Using this definition on our asset we see for example:
  • Looking at the ratio of annual return and downside deviation of 0.23 in the last 5 years of NortonLifeLock, we see it is relatively smaller, thus worse in comparison to the benchmark SPY (1.05)
  • Compared with SPY (1.86) in the period of the last 3 years, the excess return divided by the downside deviation of 0.74 is smaller, thus worse.

Ulcer:

'The ulcer index is a stock market risk measure or technical analysis indicator devised by Peter Martin in 1987, and published by him and Byron McCann in their 1989 book The Investors Guide to Fidelity Funds. It's designed as a measure of volatility, but only volatility in the downward direction, i.e. the amount of drawdown or retracement occurring over a period. Other volatility measures like standard deviation treat up and down movement equally, but a trader doesn't mind upward movement, it's the downside that causes stress and stomach ulcers that the index's name suggests.'

Which means for our asset as example:
  • Compared with the benchmark SPY (8.42 ) in the period of the last 5 years, the Ulcer Index of 18 of NortonLifeLock is greater, thus worse.
  • During the last 3 years, the Ulcer Ratio is 14 , which is larger, thus worse than the value of 3.52 from the benchmark.

MaxDD:

'Maximum drawdown is defined as the peak-to-trough decline of an investment during a specific period. It is usually quoted as a percentage of the peak value. The maximum drawdown can be calculated based on absolute returns, in order to identify strategies that suffer less during market downturns, such as low-volatility strategies. However, the maximum drawdown can also be calculated based on returns relative to a benchmark index, for identifying strategies that show steady outperformance over time.'

Applying this definition to our asset in some examples:
  • Compared with the benchmark SPY (-24.5 days) in the period of the last 5 years, the maximum reduction from previous high of -39.6 days of NortonLifeLock is lower, thus worse.
  • During the last 3 years, the maximum drop from peak to valley is -33.5 days, which is lower, thus worse than the value of -18.8 days from the benchmark.

MaxDuration:

'The Drawdown Duration is the length of any peak to peak period, or the time between new equity highs.
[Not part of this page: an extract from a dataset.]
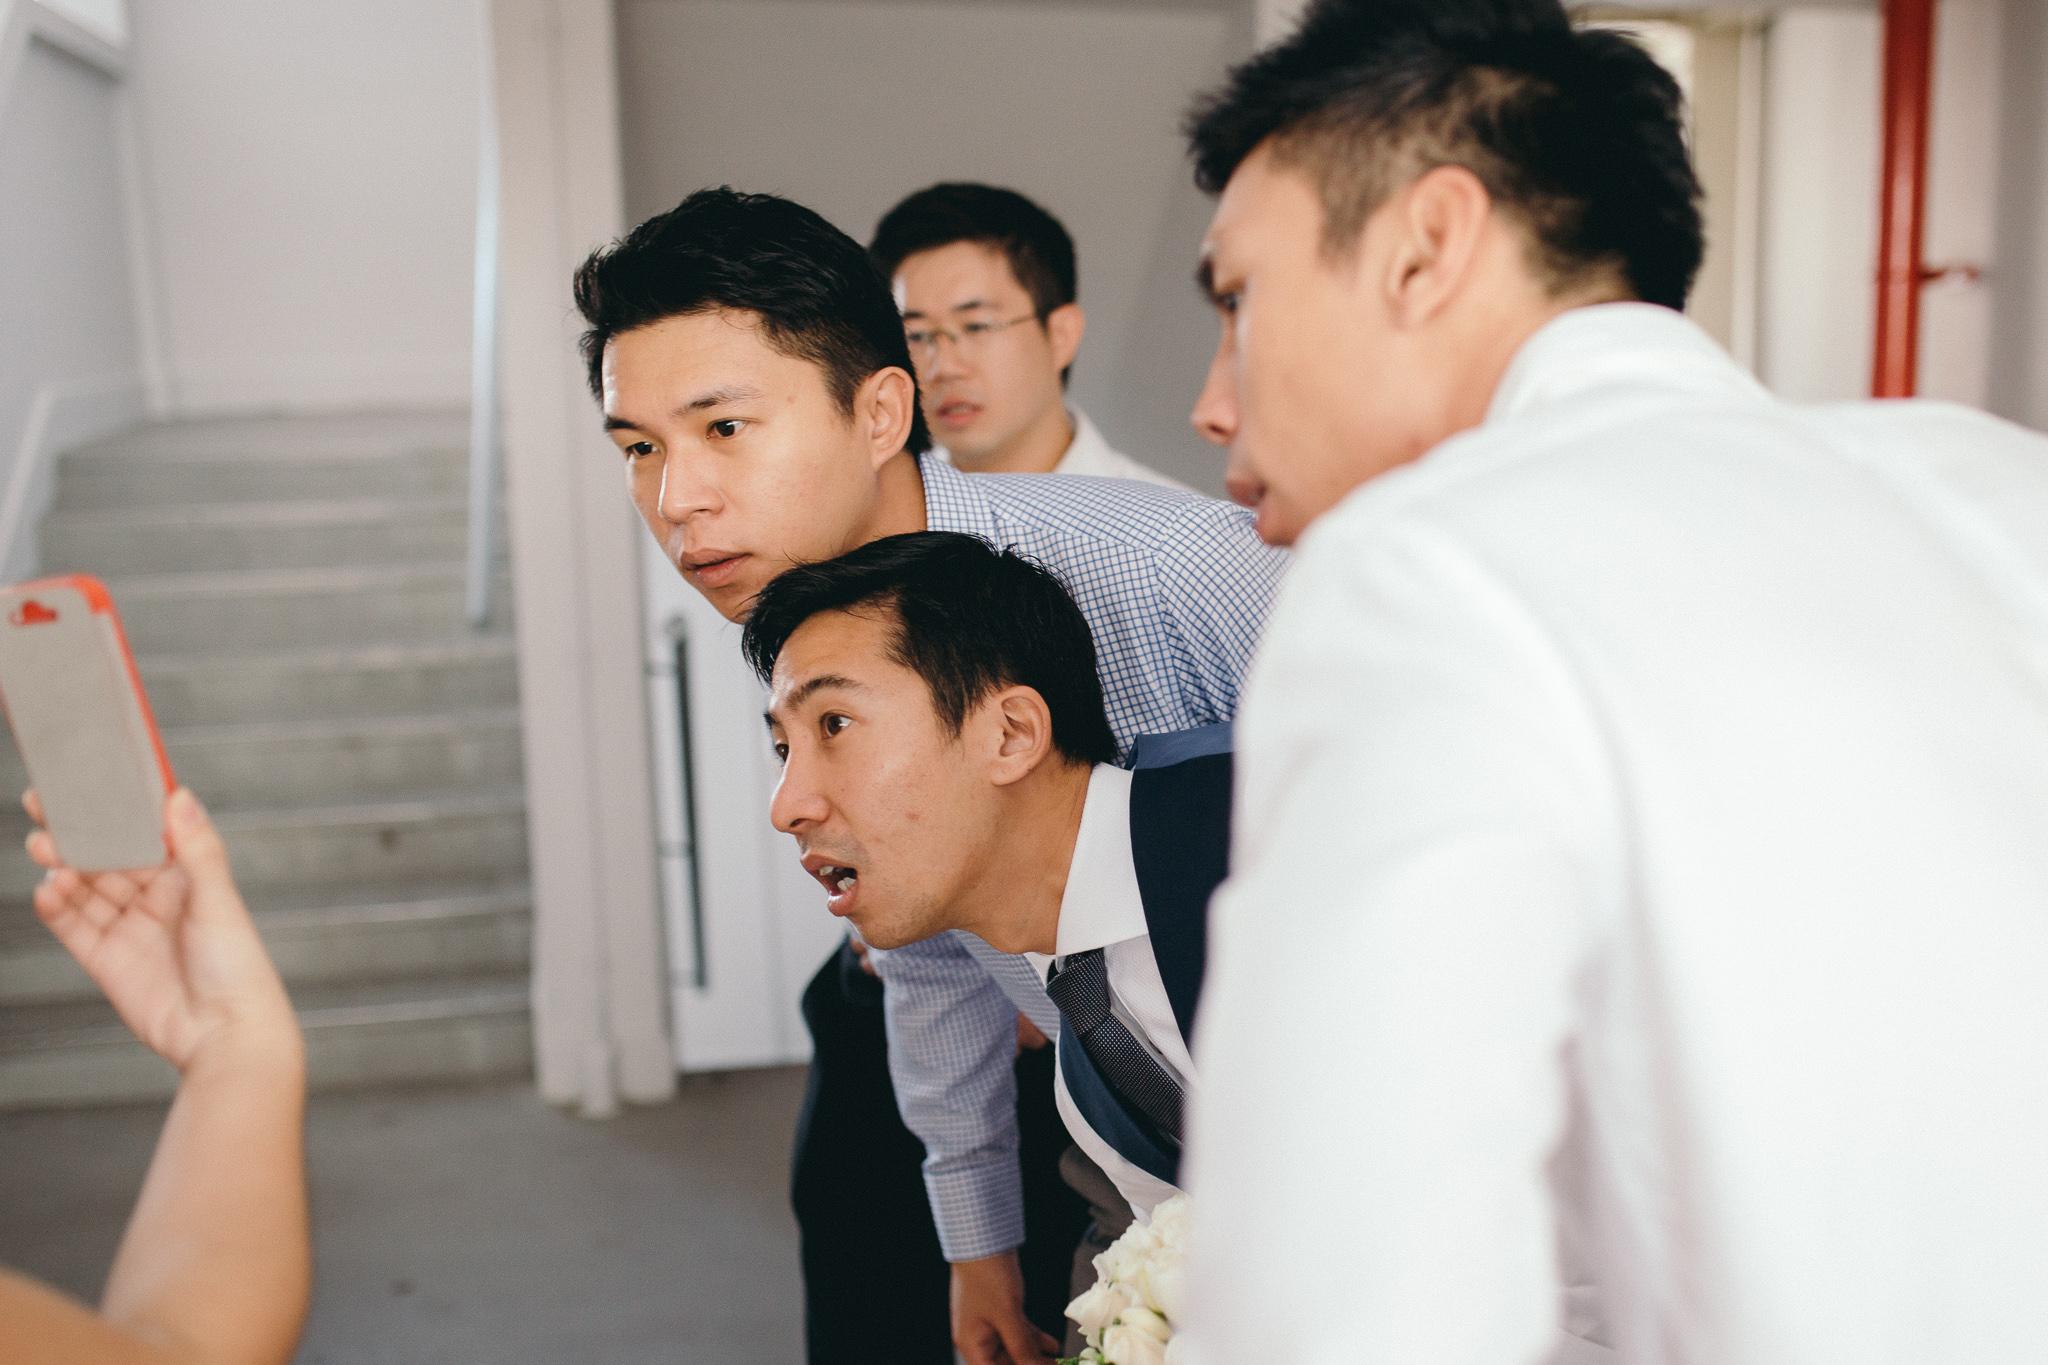 Juxtapose Pix - Wedding - Kelvin & Serene - church regent hotel 00008.jpg

The Max Drawdown Duration is the worst (the maximum/longest) amount of time an investment has seen between peaks (equity highs) in days.'

Which means for our asset as example:
  • Compared with the benchmark SPY (488 days) in the period of the last 5 years, the maximum time in days below previous high water mark of 519 days of NortonLifeLock is greater, thus worse.
  • Looking at maximum time in days below previous high water mark in of 190 days in the period of the last 3 years, we see it is relatively larger, thus worse in comparison to SPY (87 days).

AveDuration:

'The Drawdown Duration is the length of any peak to peak period, or the time between new equity highs. The Avg Drawdown Duration is the average amount of time an investment has seen between peaks (equity highs), or in other terms the average of time under water of all drawdowns. So in contrast to the Maximum duration it does not measure only one drawdown event but calculates the average of all.'

Which means for our asset as example:
  • The average days below previous high over 5 years of NortonLifeLock is 153 days, which is higher, thus worse compared to the benchmark SPY (120 days) in the same period.
  • Looking at average time in days below previous high water mark in of 72 days in the period of the last 3 years, we see it is relatively higher, thus worse in comparison to SPY (21 days).

Performance (YTD)

Historical returns have been extended using synthetic data.

Allocations ()

Allocations

Returns (%)

  • Note that yearly returns do not equal the sum of monthly returns due to compounding.
  • Performance results of NortonLifeLock are hypothetical and do not account for slippage, fees or taxes.